Here is a picture of Jude from this afternoon. You can see how pale he is, but he still manages a smile. He is such a trooper.


Jude's not so great update.

Well Jude just has a mind of his own. The doctor saw the chest X ray from yesterday and was comfortable with letting us go home today, but when he got to our room he found Jude on 100% oxygen. Jude did NOT have a good night. This led him to believe that Jude is not handling the new pneumonia in the right lung as well as he hoped he would. Which means Jude's lung capacity is not working as well as he thought either. So Jude is still here. The doctor said if he turns around and it looks like we can go home on just a small amount of Oxygen then he will allow it. He said we are medically educated enough to know when it's an emergency and to come back. However, now his concern is Jude may get worse before he gets better so we are camped out in room 5406. We are watching how Jude reacts and watching his oxygen levels.

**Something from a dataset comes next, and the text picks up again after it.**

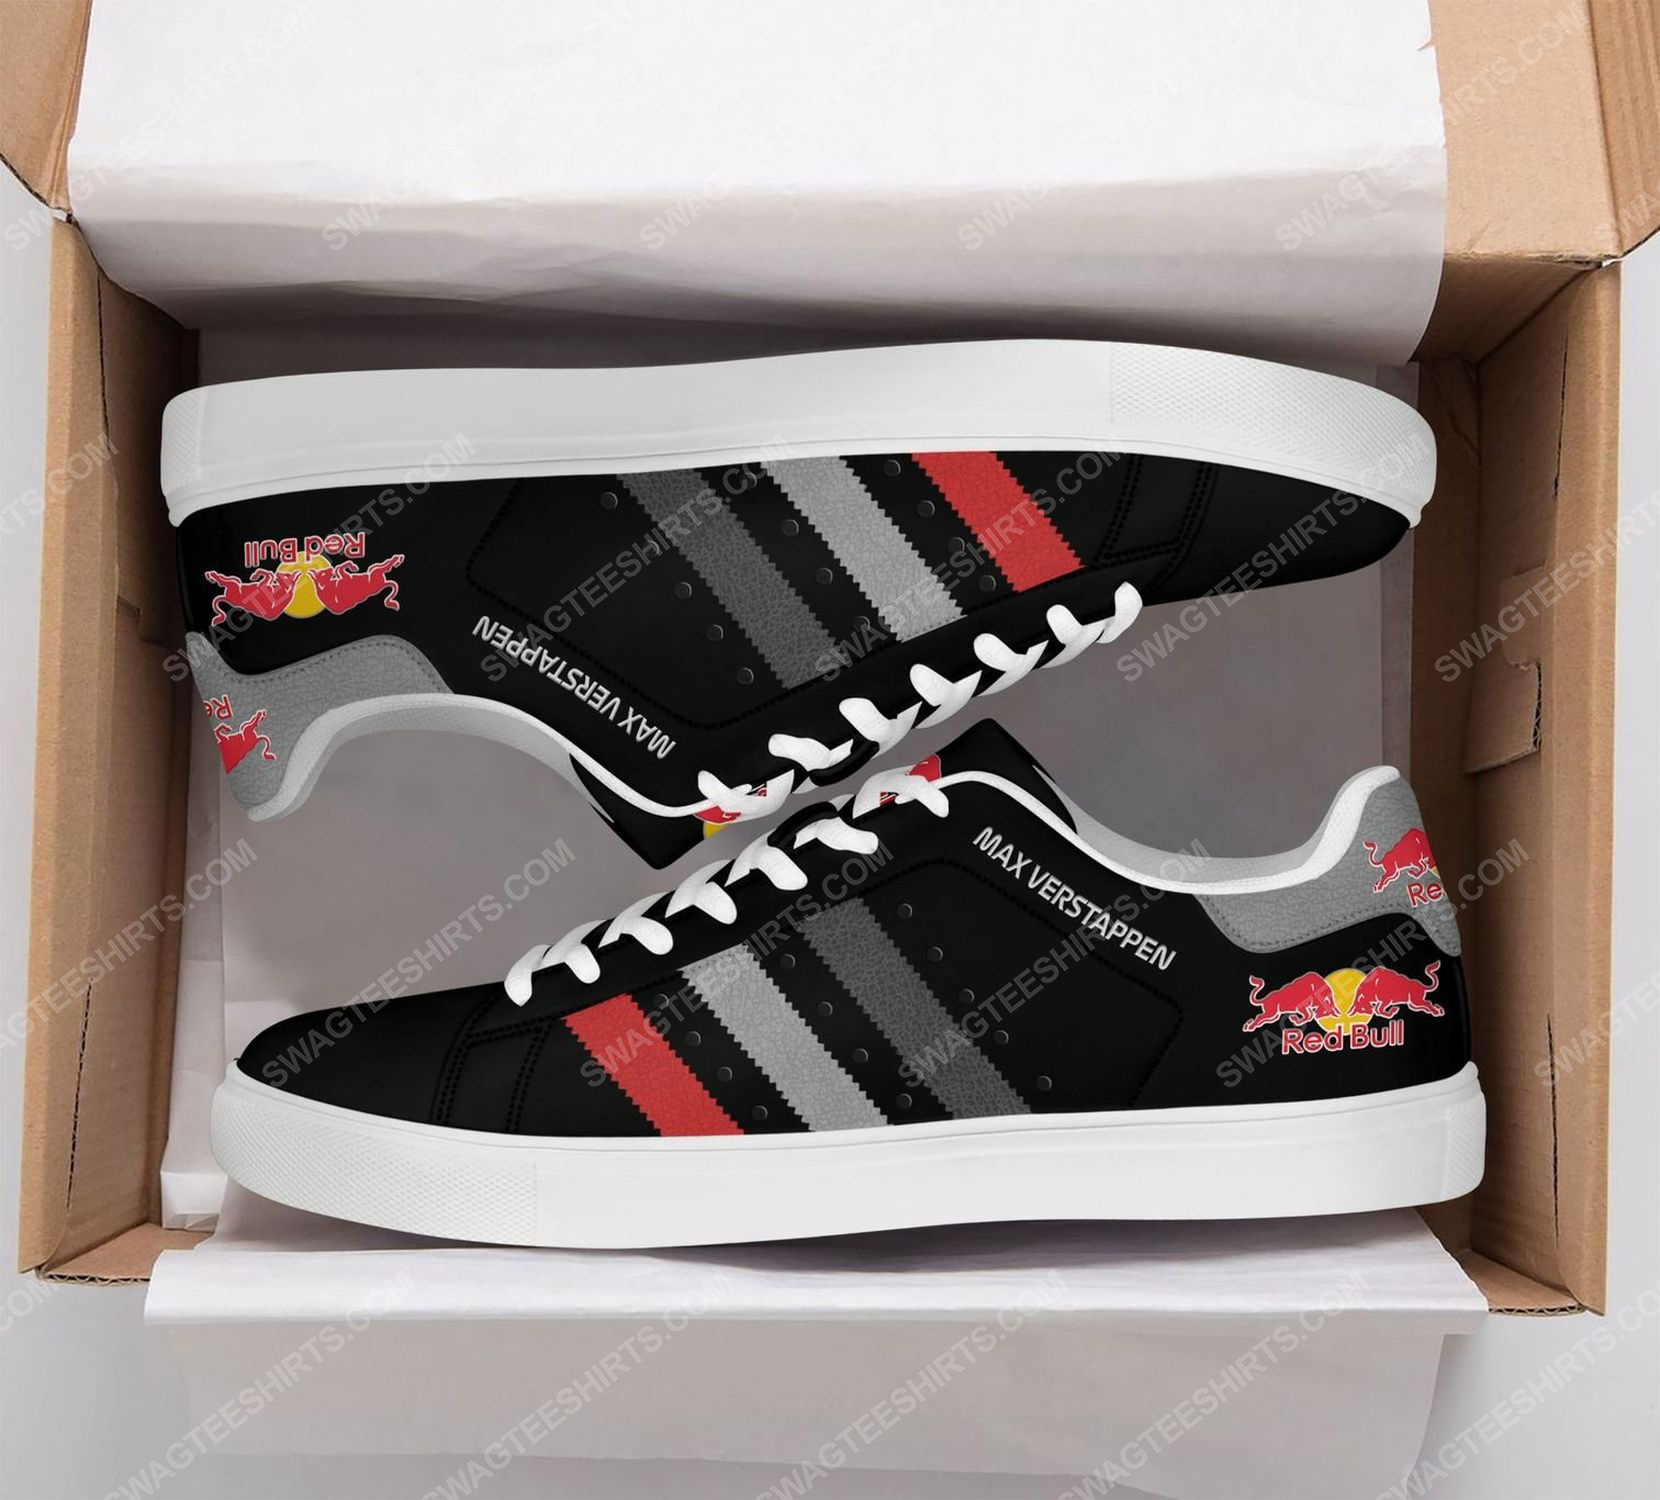 Max verstappen red bull stan smith shoes 2

I have to go into work for a bit today. I am still sick and the traveling back and forth is getting to me. I wish I had a week to not worry about work, but I don't think that's a possibility. My aunt is coming up to the hospital to sit with Jude today and I am not sure what we will do tomorrow. Mike's mom can probably come up here, but she doesn't see very well. So we will figure it out.

I had a picture for you but my phone isn't wanting to connect to the internet so I will have to add it later. Again, we appreciate everyone that has been helping us out with Emily, staying with Jude, and all the food!